Английские романтики добились большого успеха. Пожалуй, самой большой фигурой, которую дала мировая романтика, был именно английский писатель Байрон, и очень часто вместо слова романтика говорят — байронизм. Однако Байрон, как мы увидим, вовсе не являлся типичным романтиком.

Итак, романтика была разнородна, пестра. Что же в ней общего? Общим и характерным для всего романтического течения было именно то, что эта литература отражала эпоху разгрома Французской революции и надежд на осуществление свободы, равенства и братства. Как этот разгром, как эта постепенно спустившаяся ночь безнадежности отражалась в разных умах, — зависело от целого ряда дополнительных обстоятельств.

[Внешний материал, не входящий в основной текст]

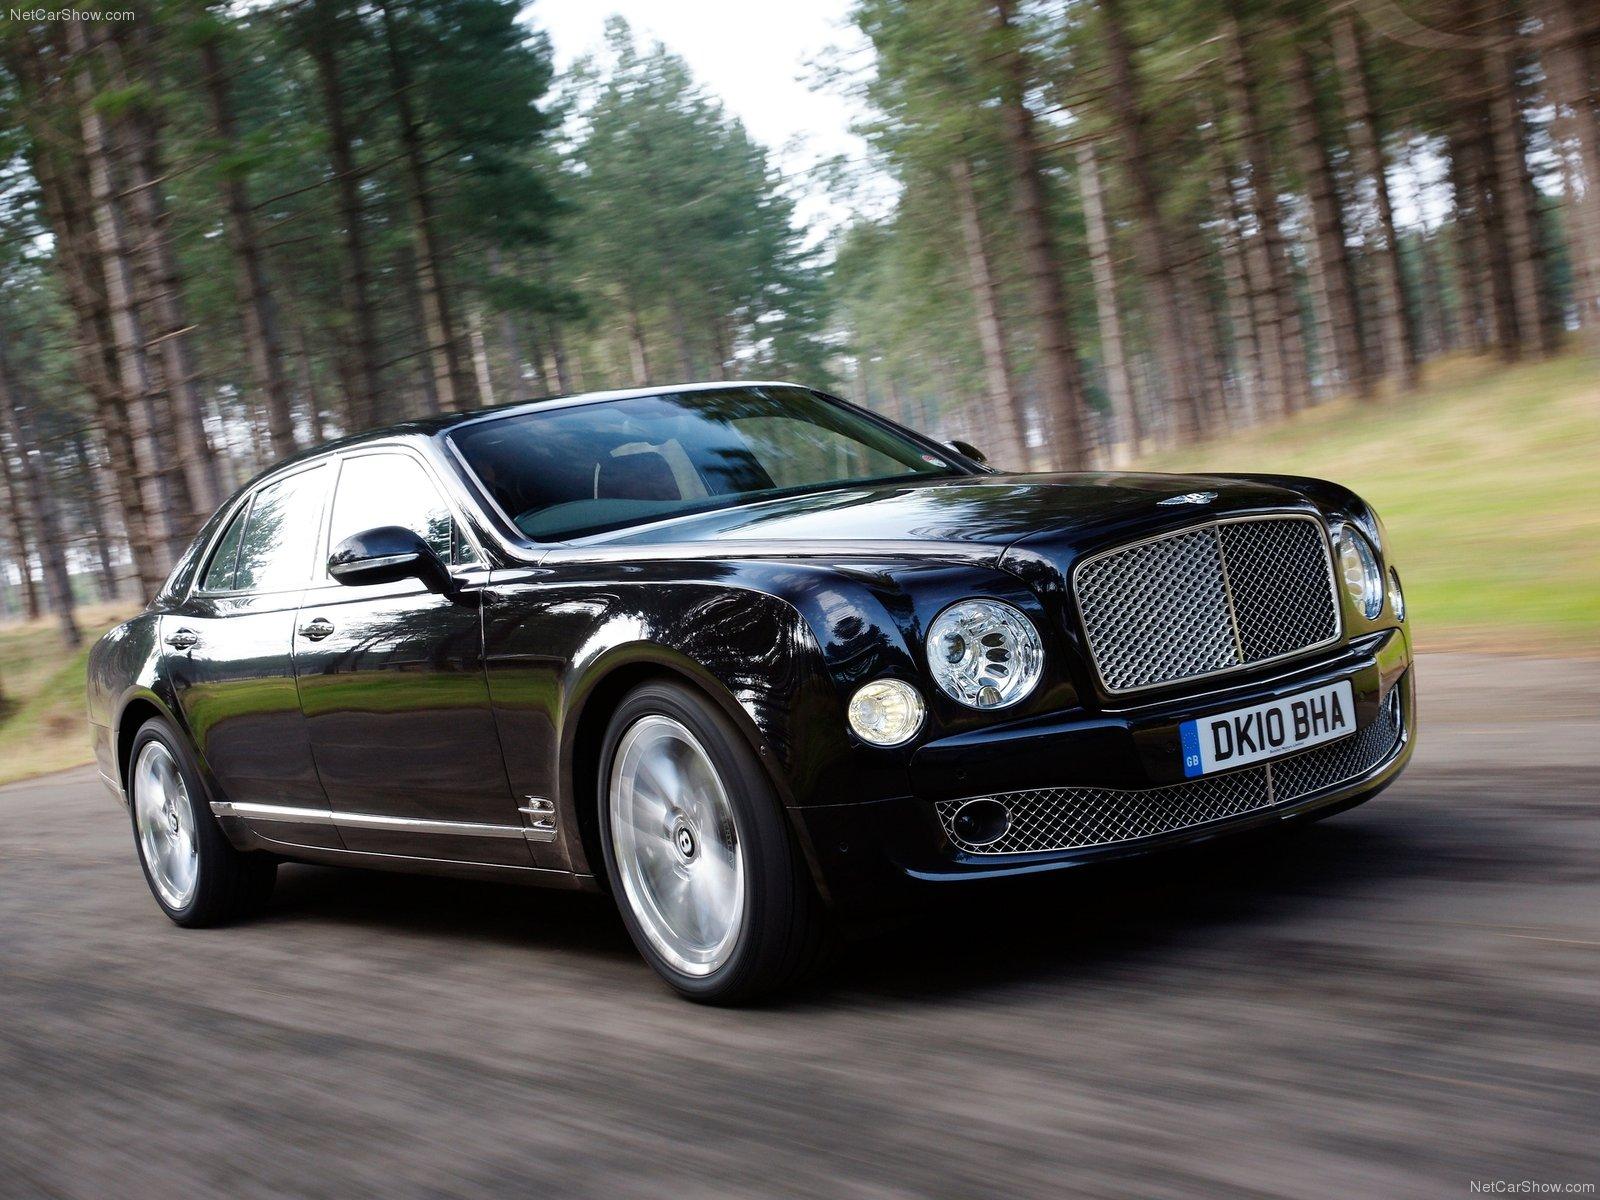 http://1.bp.blogspot.com/_gamz3S4rjAA/TCOdGEaPrSI/AAAAAAAAAN0/9k0pCAtzKFw/s1600/Bentley-Mulsanne_2011_1600x1200_wallpaper_0d%252B(1).jpg

Мы видели, что в Германии люди стали уходить в грезы. Целая религия грезового, мечтательного идеализма выработалась там, и она сформировала ряд изумительных личностей, имела ряд гениальных адептов. Во Франции романтики были преисполнены народничеством, жаждой справедливости, они продолжали вести борьбу с буржуазией, — иногда, правда, в плане противопоставления фантастической и разгульной, ярко индивидуалистически выраженной богемы размеренной, трафаретной, державшейся за золотую середину жизни восторжествовавшей тогда крупной буржуазии.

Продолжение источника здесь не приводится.